Examples of {vllm} {helm} chart override files

../snippets/helm-chart-overrides-intro.adoc

Example 1. Minimal configuration

The following override file installs {vllm} using a model that is publicly available.

global:
  imagePullSecrets:
  - application-collection
servingEngineSpec:
  modelSpec:
  - name: "phi3-mini-4k"
    registry: "dp.apps.rancher.io"
    repository: "containers/vllm-openai"
    tag: "0.13.0"
    imagePullPolicy: "IfNotPresent"
    modelURL: "microsoft/Phi-3-mini-4k-instruct"
    replicaCount: 1
    requestCPU: 6
    requestMemory: "16Gi"
    requestGPU: 1

Validating the installation

Pulling the images can take a long time. You can monitor the status of the {vllm} installation by running the following command:

{prompt_user}kubectl get pods -n <SUSE_AI_NAMESPACE>

NAME                                           READY   STATUS    RESTARTS   AGE
[...]
vllm-deployment-router-7588bf995c-5jbkf        1/1     Running   0          8m9s
vllm-phi3-mini-4k-deployment-vllm-79d6fdc-tx7  1/1     Running   0          8m9s

Pods for the {vllm} deployment should transition to the states Ready and Running.

Validating the stack

Expose the vllm-router-service port to the host machine:

{prompt_user}kubectl port-forward svc/vllm-router-service \
  -n <SUSE_AI_NAMESPACE> 30080:80

Query the {openai}-compatible API to list the available models:
```
{prompt_user}curl -o- http://localhost:30080/v1/models
```

Send a query to the {openai} /completion endpoint to generate a completion for a prompt:

{prompt_user}curl -X POST http://localhost:30080/v1/completions \
  -H "Content-Type: application/json" \
  -d '{
    "model": "microsoft/Phi-3-mini-4k-instruct",
    "prompt": "Once upon a time,",
    "max_tokens": 10
  }'

# example output of generated completions
{
    "id": "cmpl-3dd11a3624654629a3828c37bac3edd2",
    "object": "text_completion",
    "created": 1757530703,
    "model": "microsoft/Phi-3-mini-4k-instruct",
    "choices": [
        {
            "index": 0,
            "text": " in a bustling city full of concrete and",
            "logprobs": null,
            "finish_reason": "length",
            "stop_reason": null,
            "prompt_logprobs": null
        }
    ],
    "usage": {
        "prompt_tokens": 5,
        "total_tokens": 15,
        "completion_tokens": 10,
        "prompt_tokens_details": null
    },
    "kv_transfer_params": null
}

Example 2. Basic configuration

The following {vllm} override file includes basic configuration options.

Prerequisites

Access to a {huggingface} token (HF_TOKEN).
The model meta-llama/Llama-3.1-8B-Instruct from this example is a gated model that requires you to accept the agreement to access it. For more information, see https://huggingface.co/meta-llama/Llama-3.1-8B-Instruct.
The runtimeClassName specified here is nvidia.
Update the storageClass: entry for each modelSpec.

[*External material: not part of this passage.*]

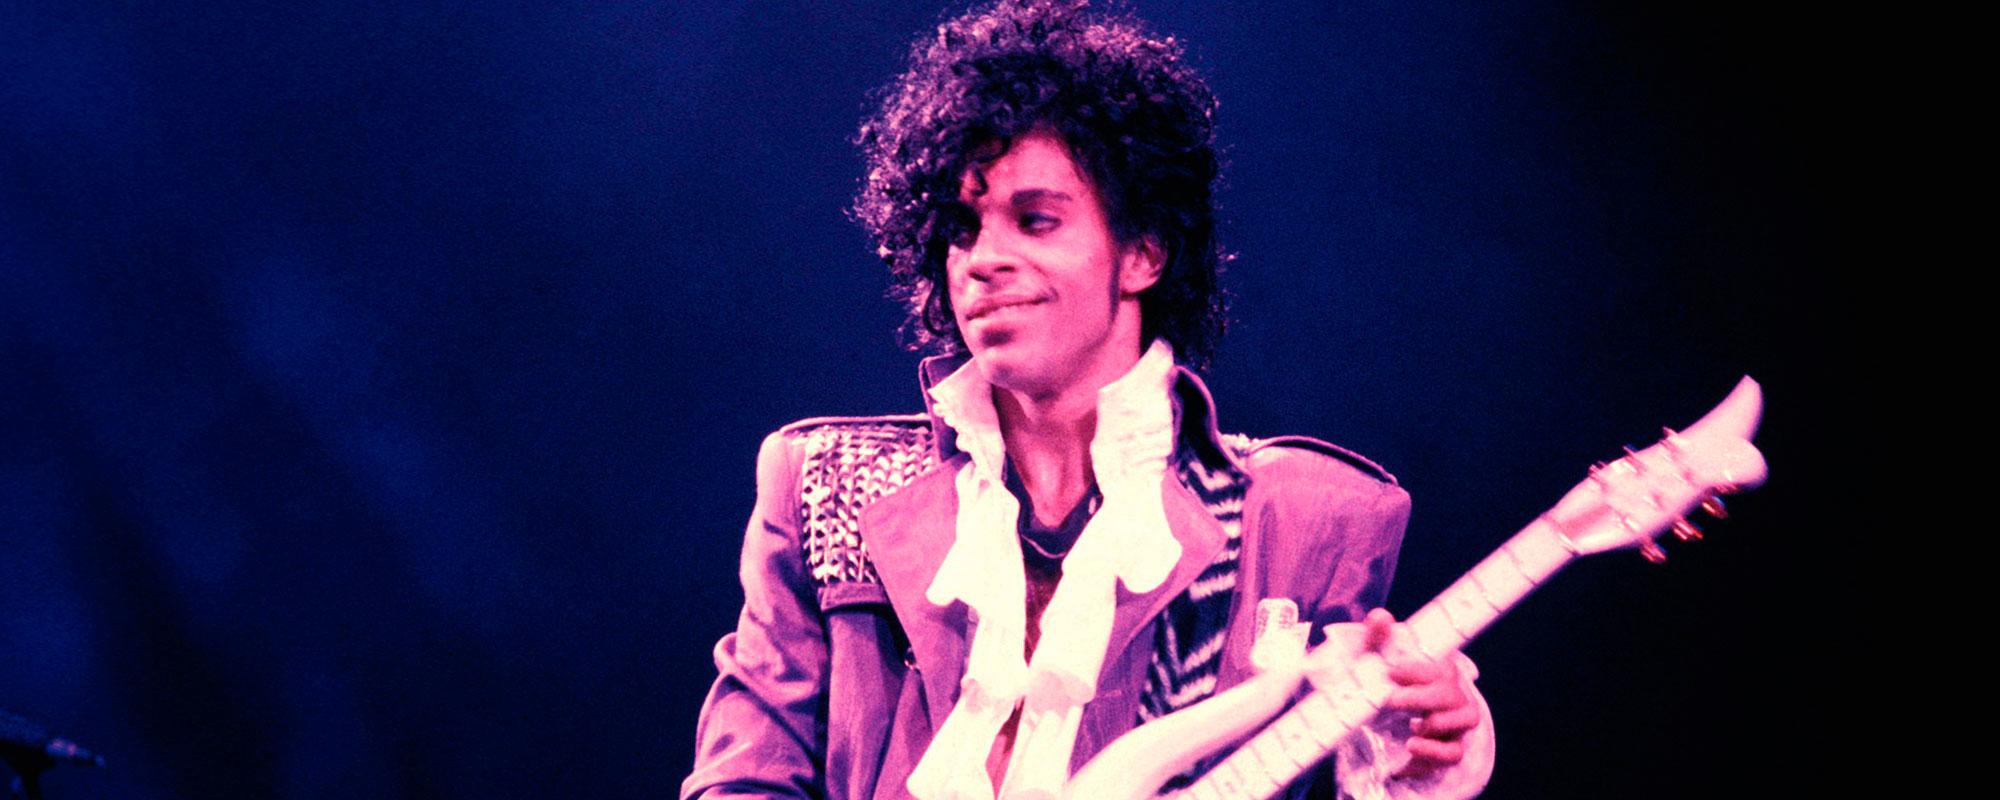 prince-photo-live

# vllm_custom_overrides.yaml
global:
  imagePullSecrets:
  - application-collection
servingEngineSpec:
  runtimeClassName: "nvidia"
  modelSpec:
  - name: "llama3" (1)
    registry: "dp.apps.rancher.io" (2)
    repository: "containers/vllm-openai" (3)
    tag: "0.13.0" (4)
    imagePullPolicy: "IfNotPresent"
    modelURL: "meta-llama/Llama-3.1-8B-Instruct" (5)
    replicaCount: 1 (6)
    requestCPU: 10 (7)
    requestMemory: "16Gi" (8)
    requestGPU: 1 (9)
    storageClass: <STORAGE_CLASS>
    pvcStorage: "50Gi" (10)
    pvcAccessMode:
      - ReadWriteOnce

    vllmConfig:
      enableChunkedPrefill: false (11)
      enablePrefixCaching: false (12)
      maxModelLen: 4096 (13)
      dtype: "bfloat16" (14)
      extraArgs: ["--disable-log-requests", "--gpu-memory-utilization", "0.8"] (15)

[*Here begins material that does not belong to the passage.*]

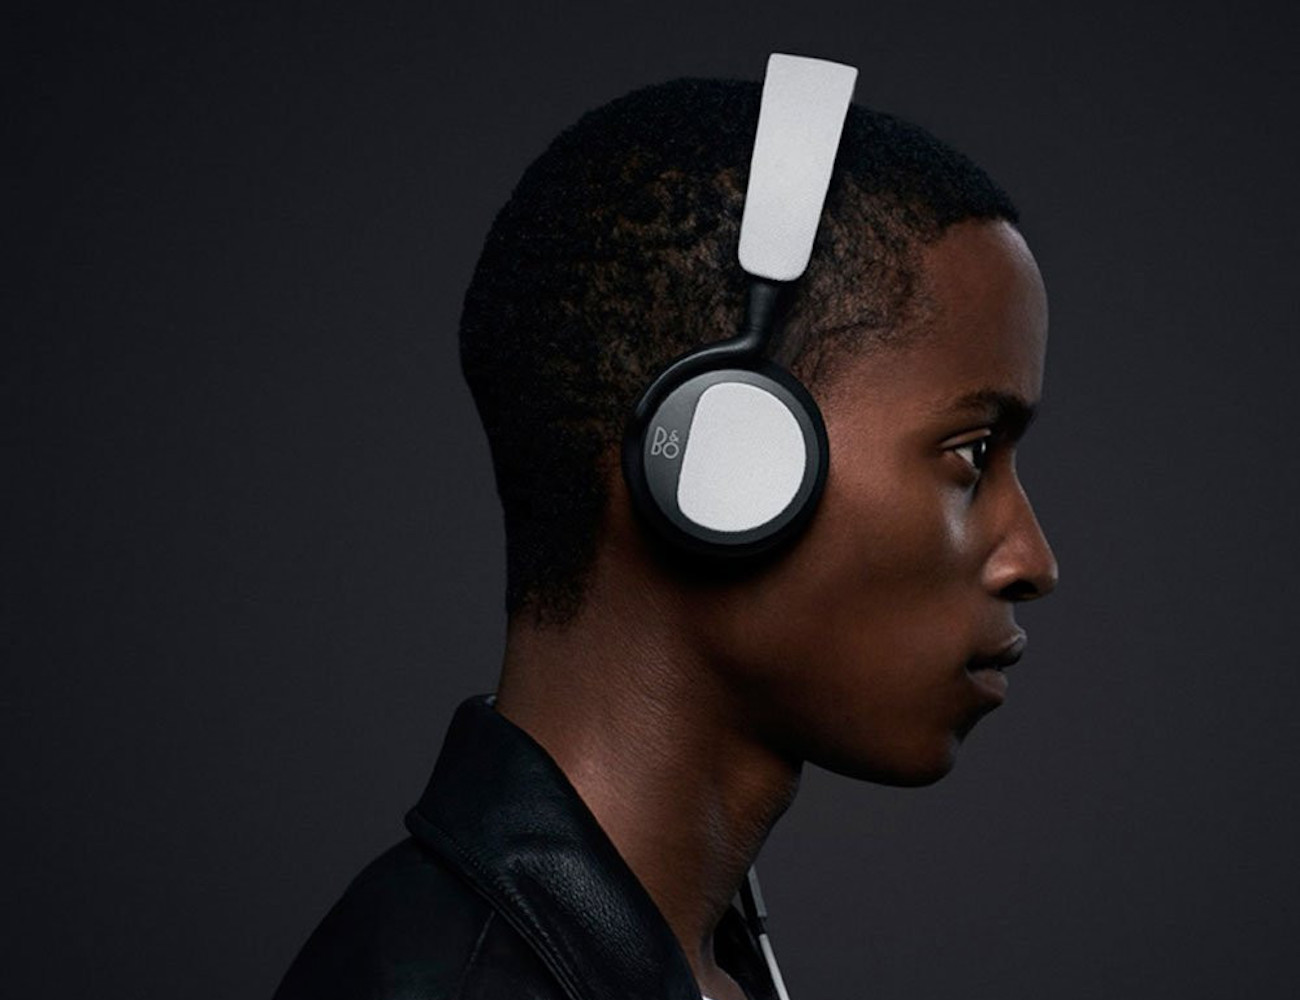 Bang & Olufsen H2 Headphones

    hf_token: <HF_TOKEN> (16)

The unique identifier for your model deployment.
The {docker} image registry containing the model’s serving engine image.
The {docker} image repository containing the model’s serving engine image.
The version of the model image to use.
The URL pointing to the model on {huggingface} or another hosting service.
The number of replicas for the deployment, which allows scaling for load.
The amount of CPU resources requested per replica.
Memory allocation for the deployment. Sufficient memory is required to load the model.
The number of GPUs to allocate for the deployment.
The Persistent Volume Claim (PVC) size for model storage.
Optimizes performance by prefetching model chunks.
Enables caching of prompt prefixes to speed up inference for repeated prompts.
The maximum sequence length the model can handle.
The data type for model weights, such as bfloat16 for mixed-precision inference and faster performance on modern GPUs.
Additional command-line arguments for {vllm}, such as disabling request logging or setting GPU memory utilization.
Your {huggingface} token for accessing gated models. Replace HF_TOKEN with your actual token.

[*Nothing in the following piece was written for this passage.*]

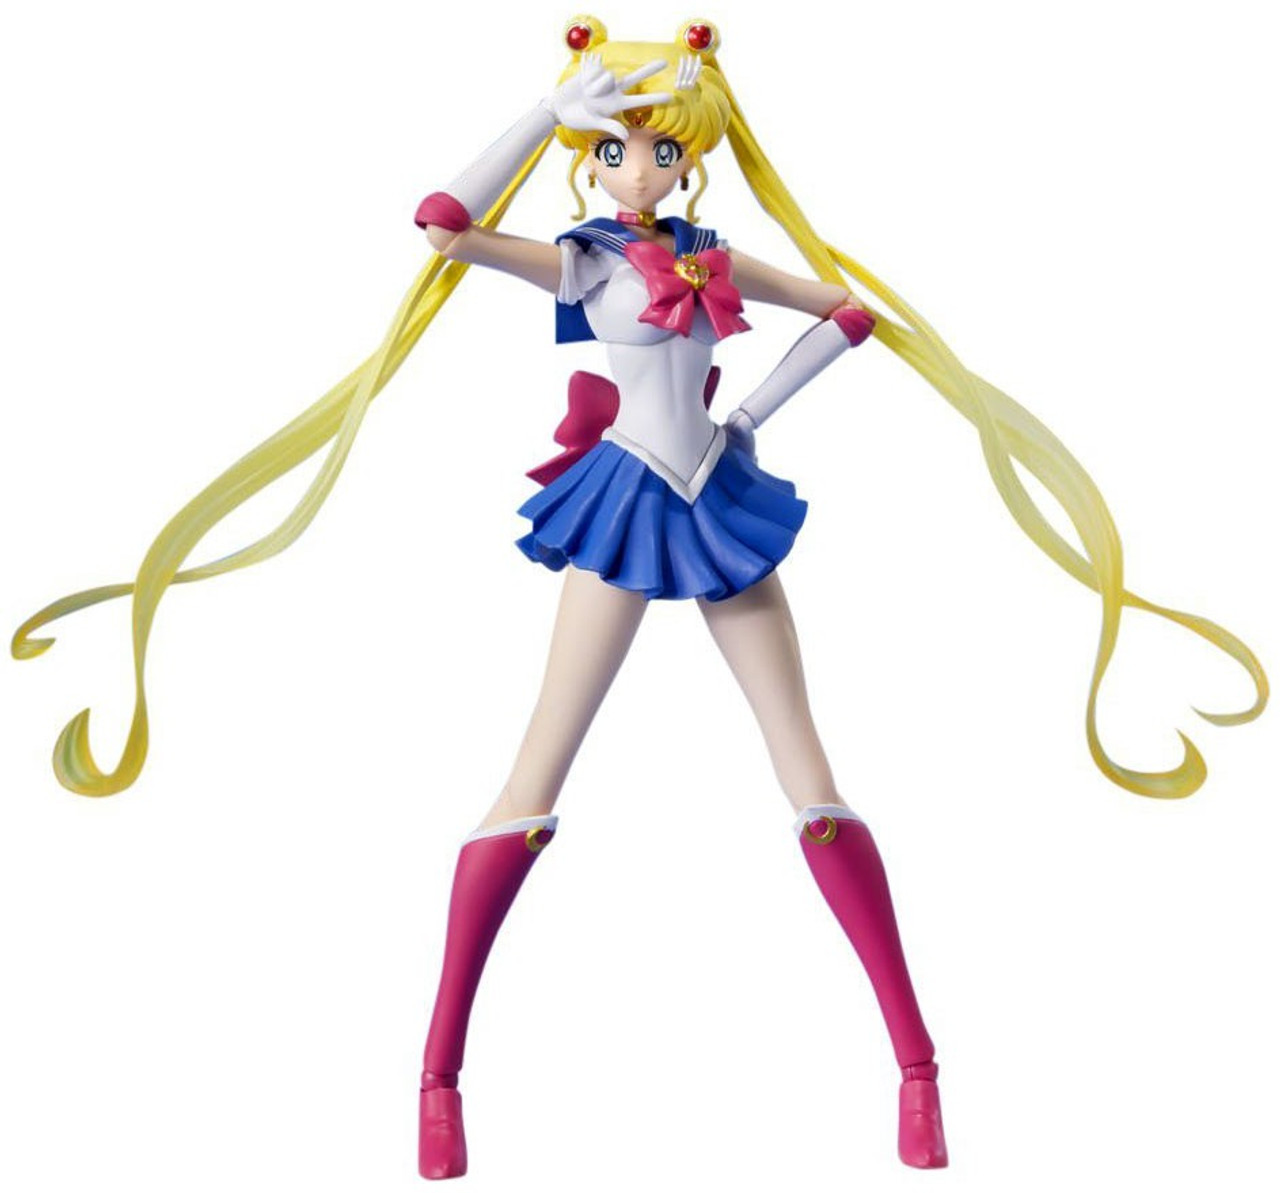 Sailor Moon Crystal S.H. Figuarts Sailor Moon 5.3 Action

Example 3. Loading prefetched models from persistent storage

Prefetching models to a Persistent Volume Claim (PVC) prevents repeated downloads from {huggingface} during pod startup. The process involves creating a PVC and a job to fetch the model. This PVC is mounted at /models, where the prefetch job stores the model weights. Subsequently, the {vllm} modelURL is set to this path, which ensures that the model is loaded locally instead of being downloaded when the pod starts.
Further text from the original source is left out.